_Given information_

====================

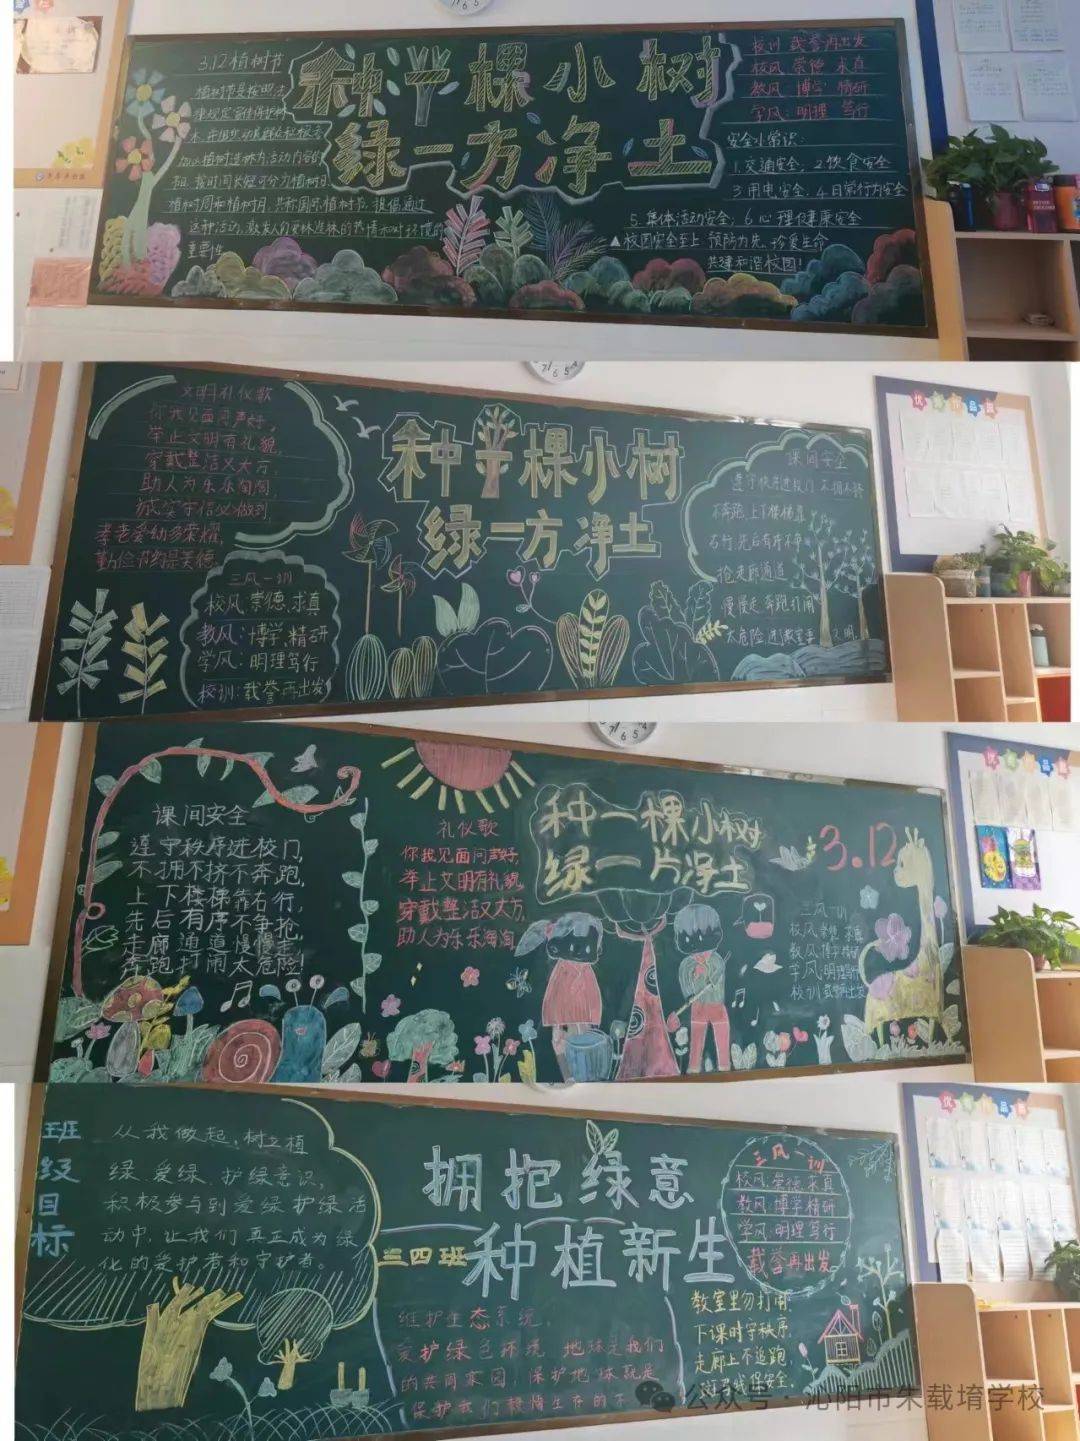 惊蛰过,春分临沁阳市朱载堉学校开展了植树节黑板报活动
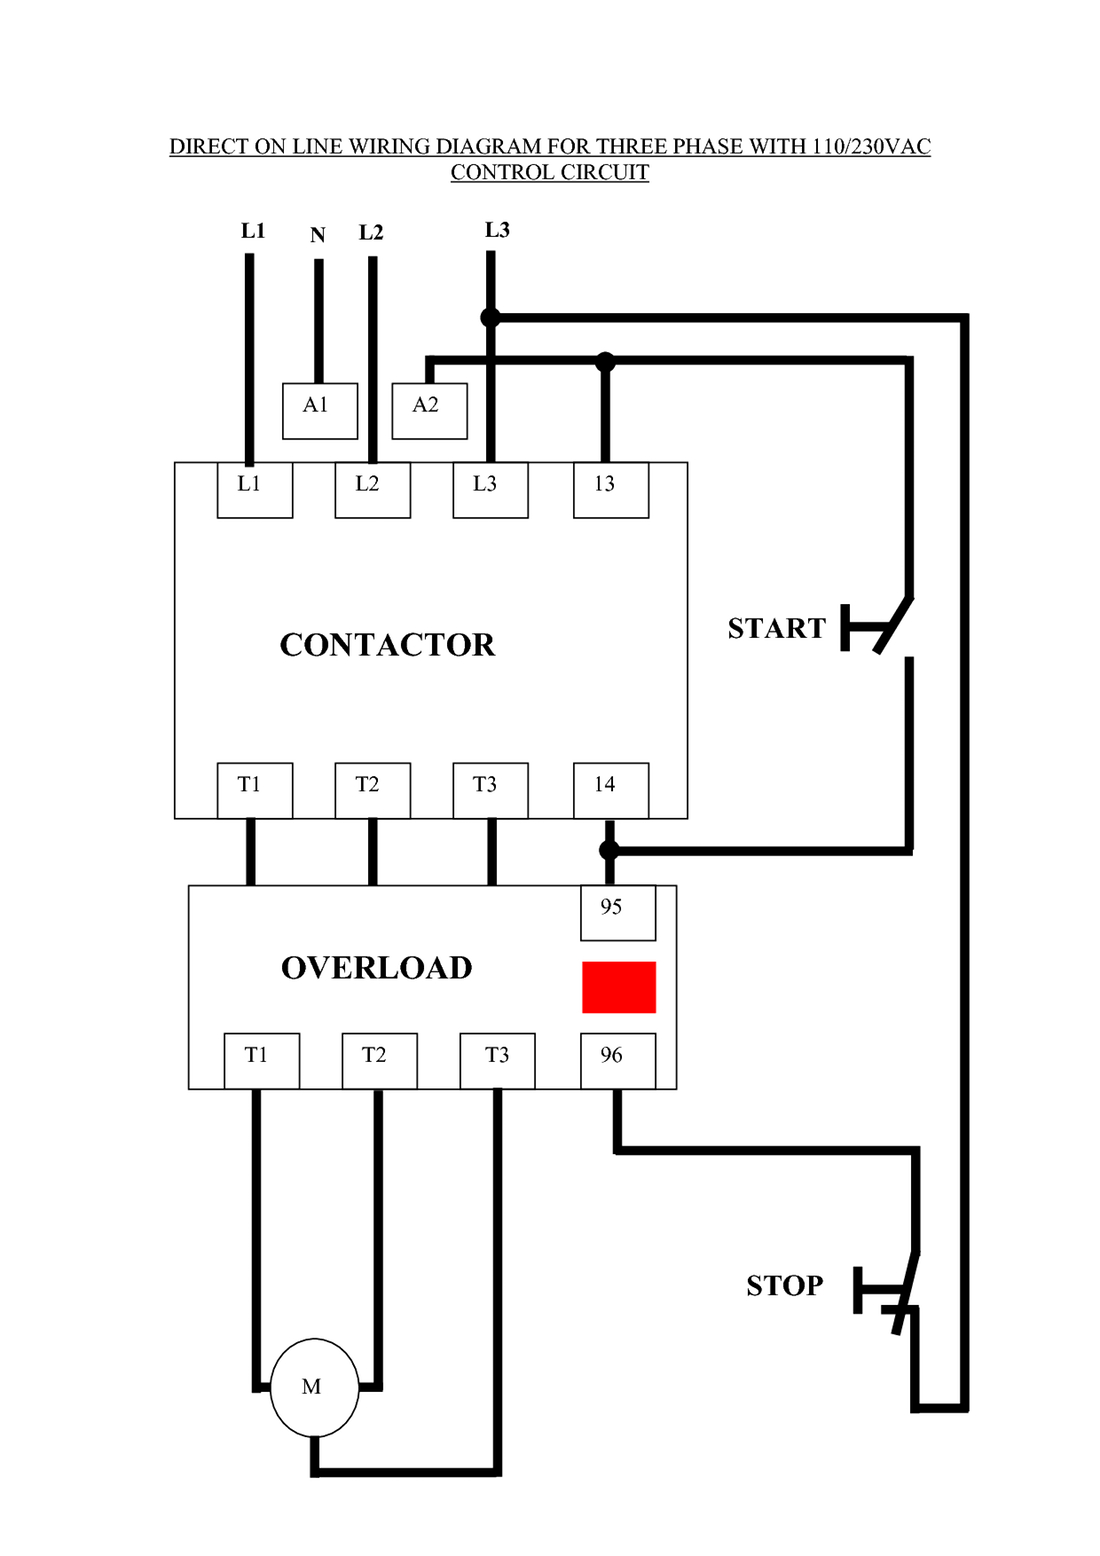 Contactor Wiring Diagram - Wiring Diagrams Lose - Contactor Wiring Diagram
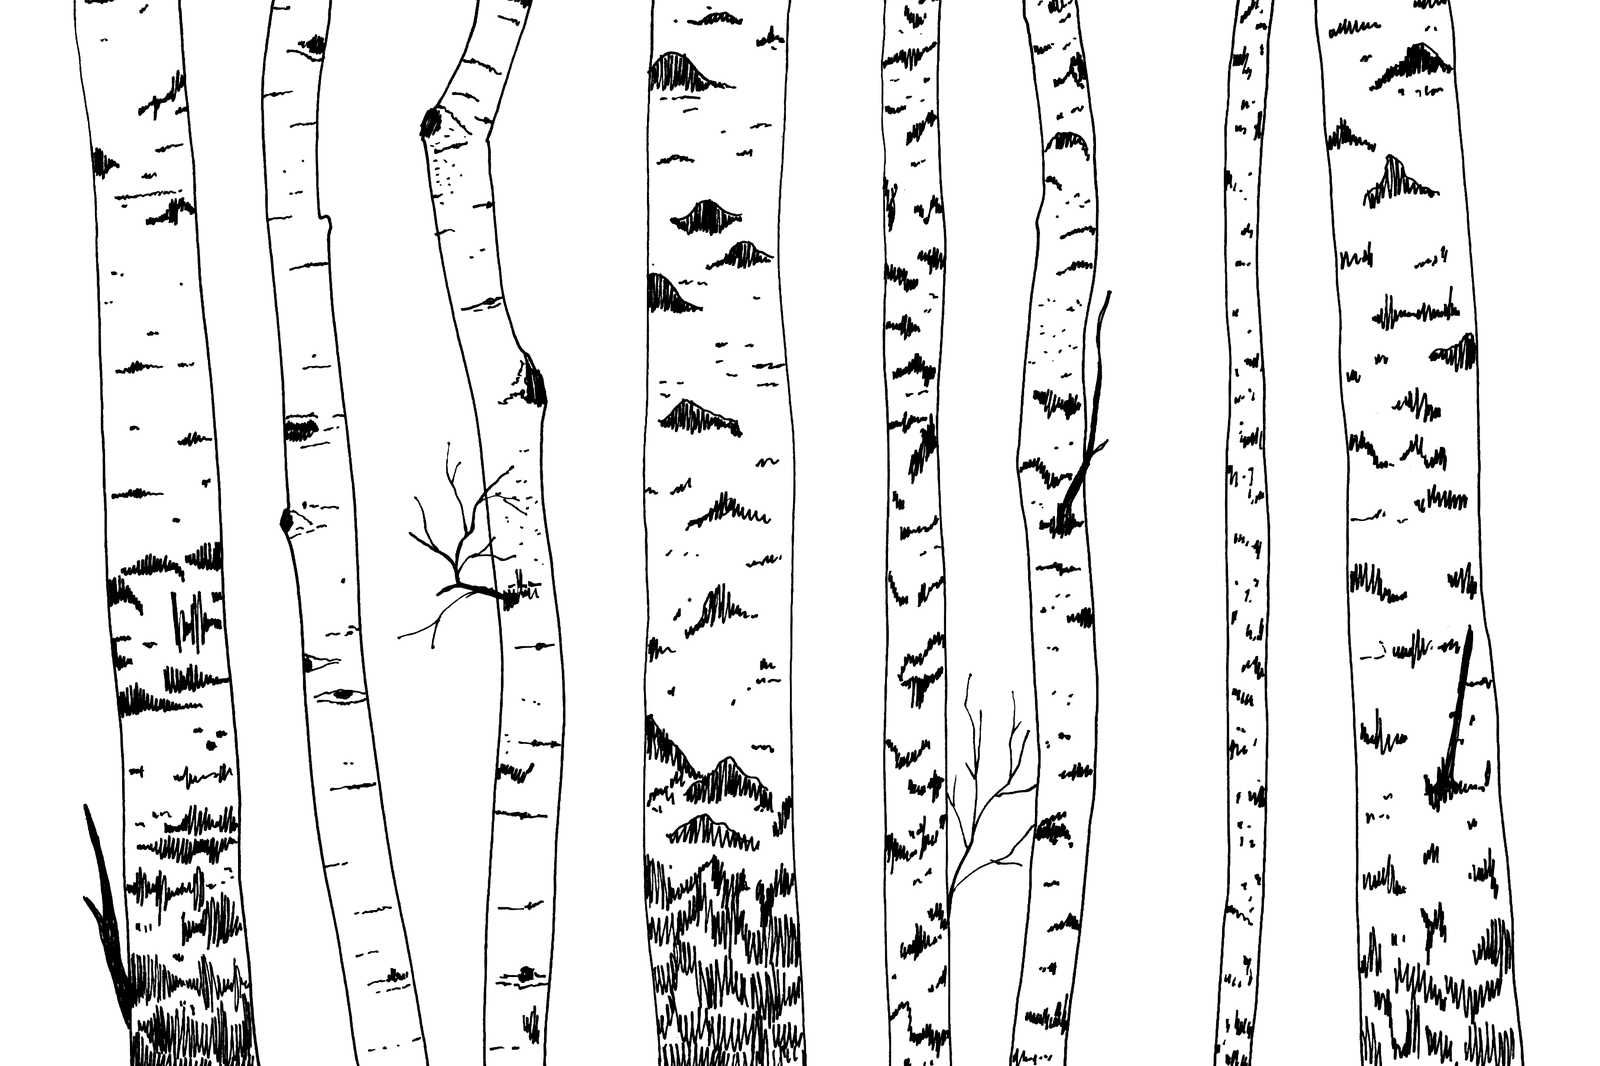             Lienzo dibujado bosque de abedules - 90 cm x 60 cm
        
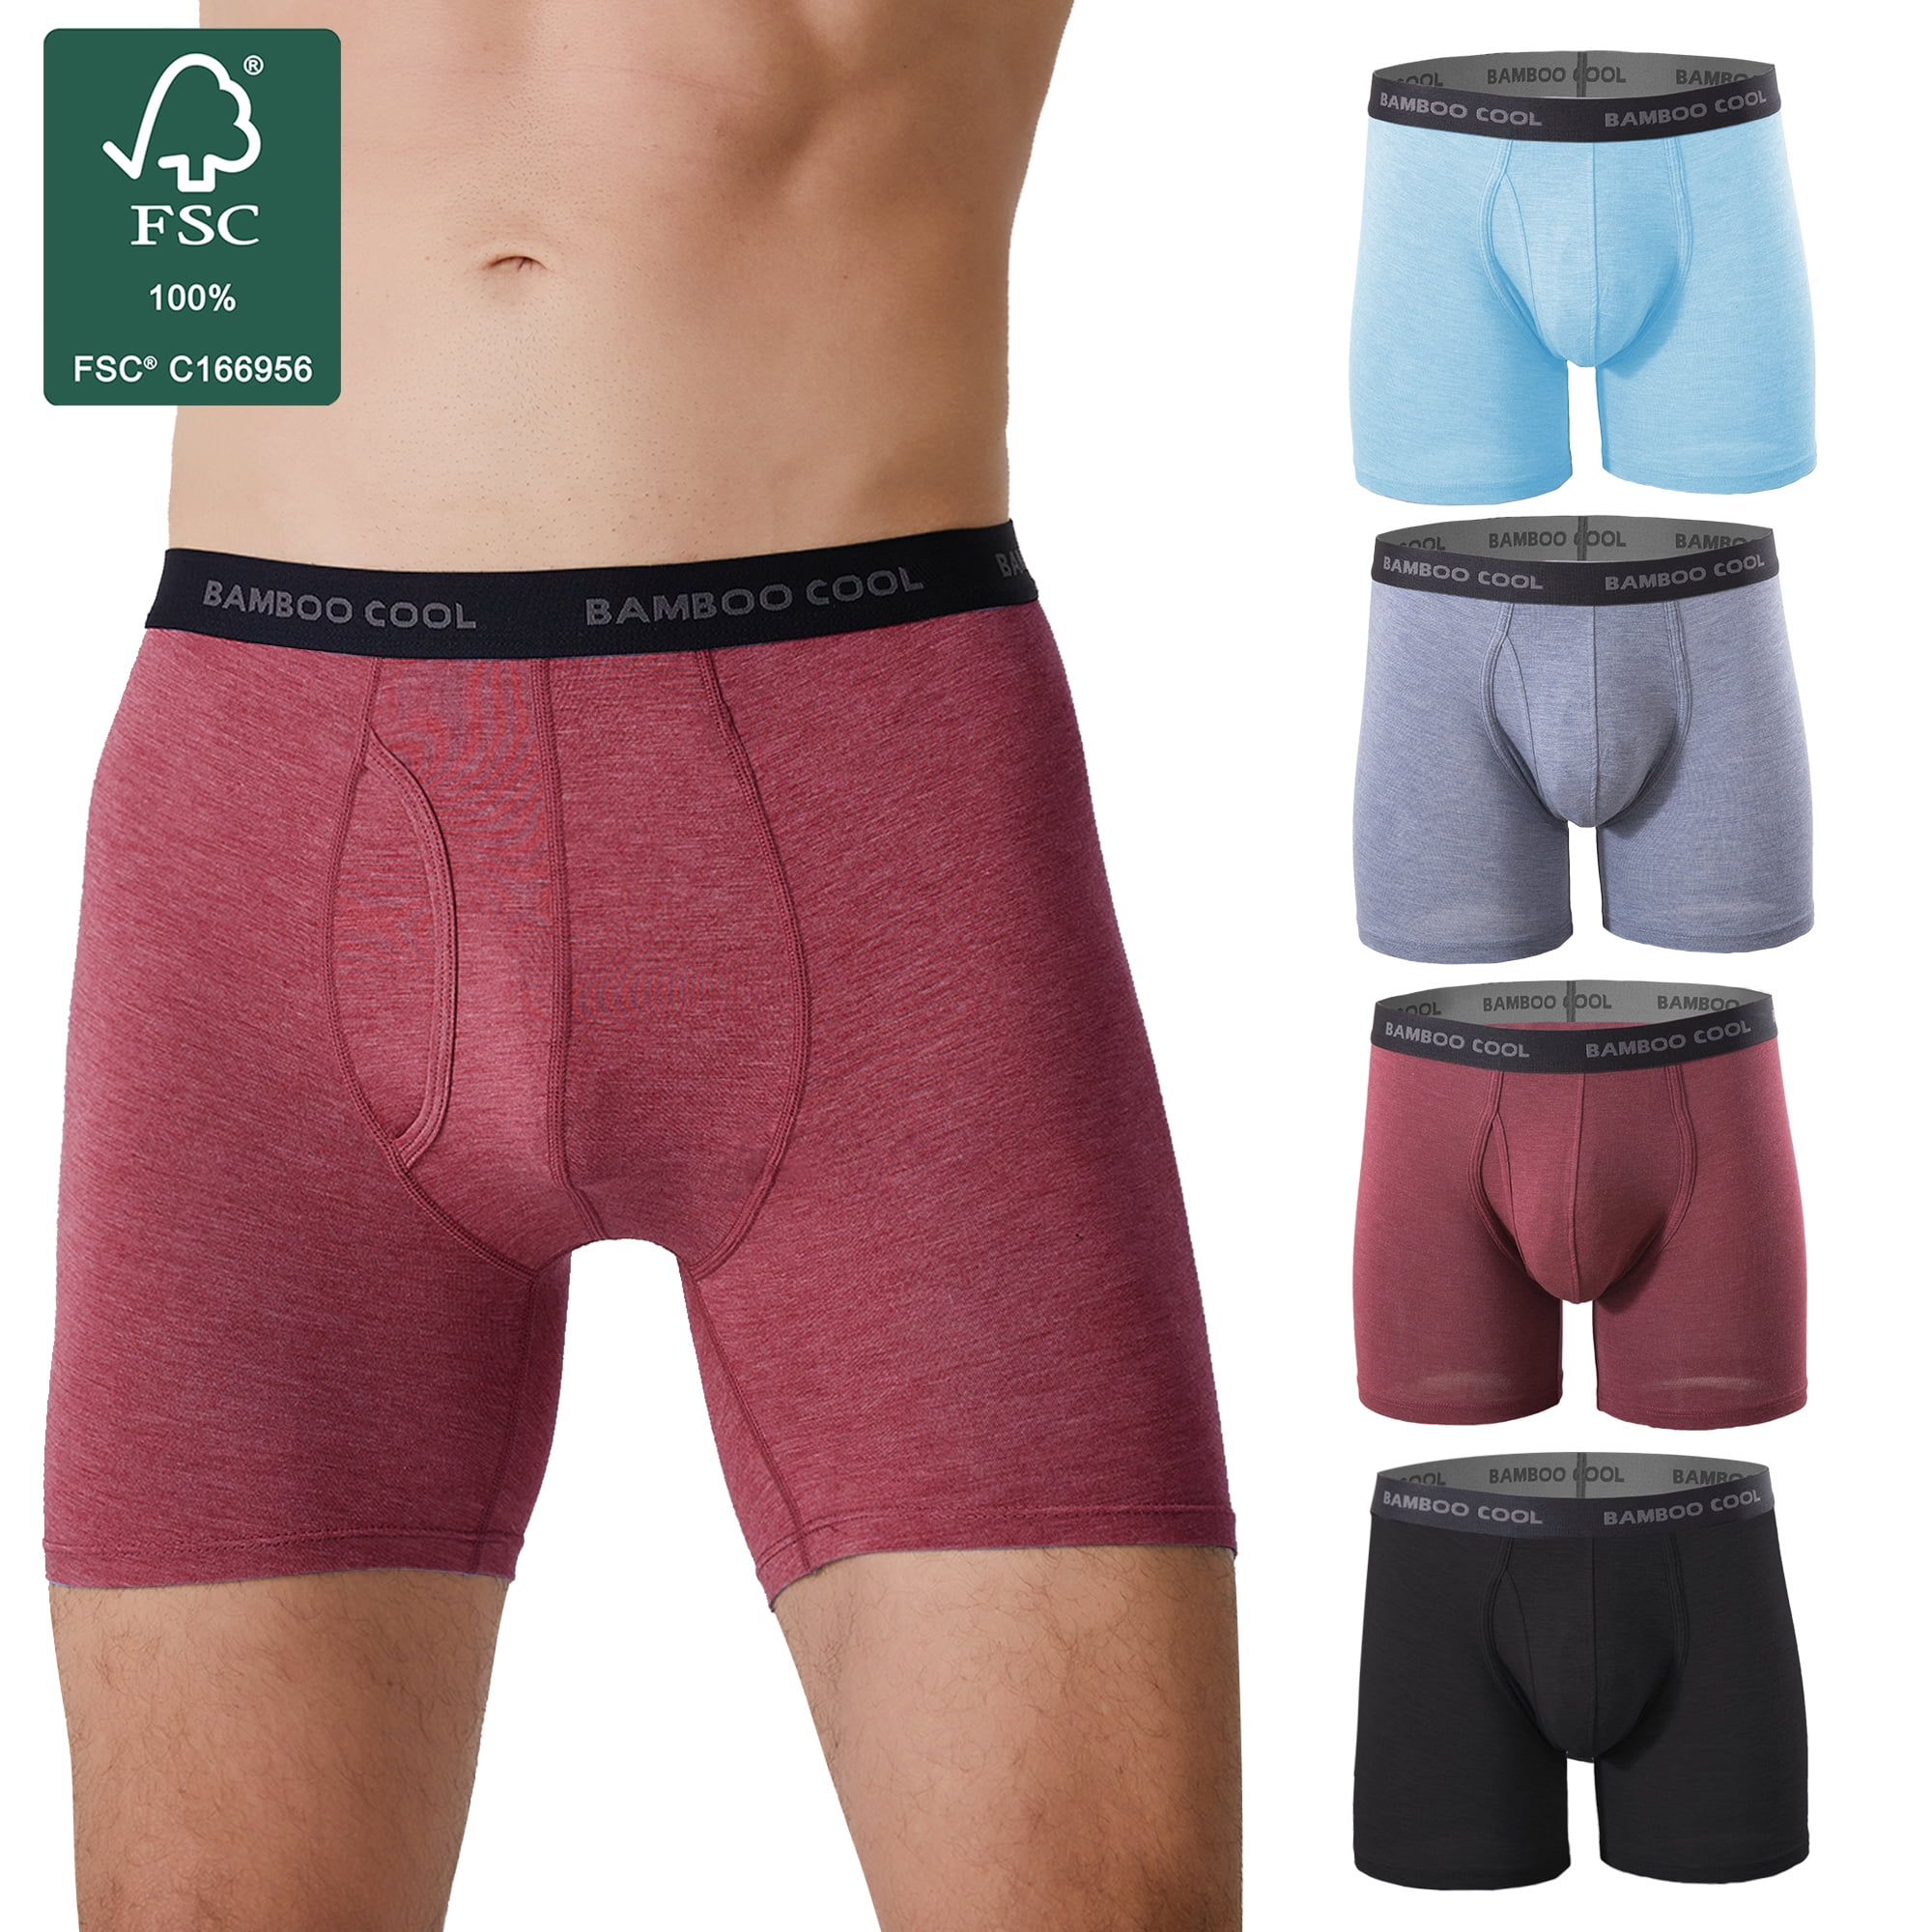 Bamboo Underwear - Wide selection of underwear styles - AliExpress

====================

_Activity_
Reproduce the lines from the one with "Contactor Wiring Diagram - Wiring" through the end of the data, keeping both end lines, adding nothing, and dropping any pictures.

_Written answer_
 Contactor Wiring Diagram - Wiring Diagrams Lose - Contactor Wiring Diagram
             Lienzo dibujado bosque de abedules - 90 cm x 60 cm
        
 Bamboo Underwear - Wide selection of underwear styles - AliExpress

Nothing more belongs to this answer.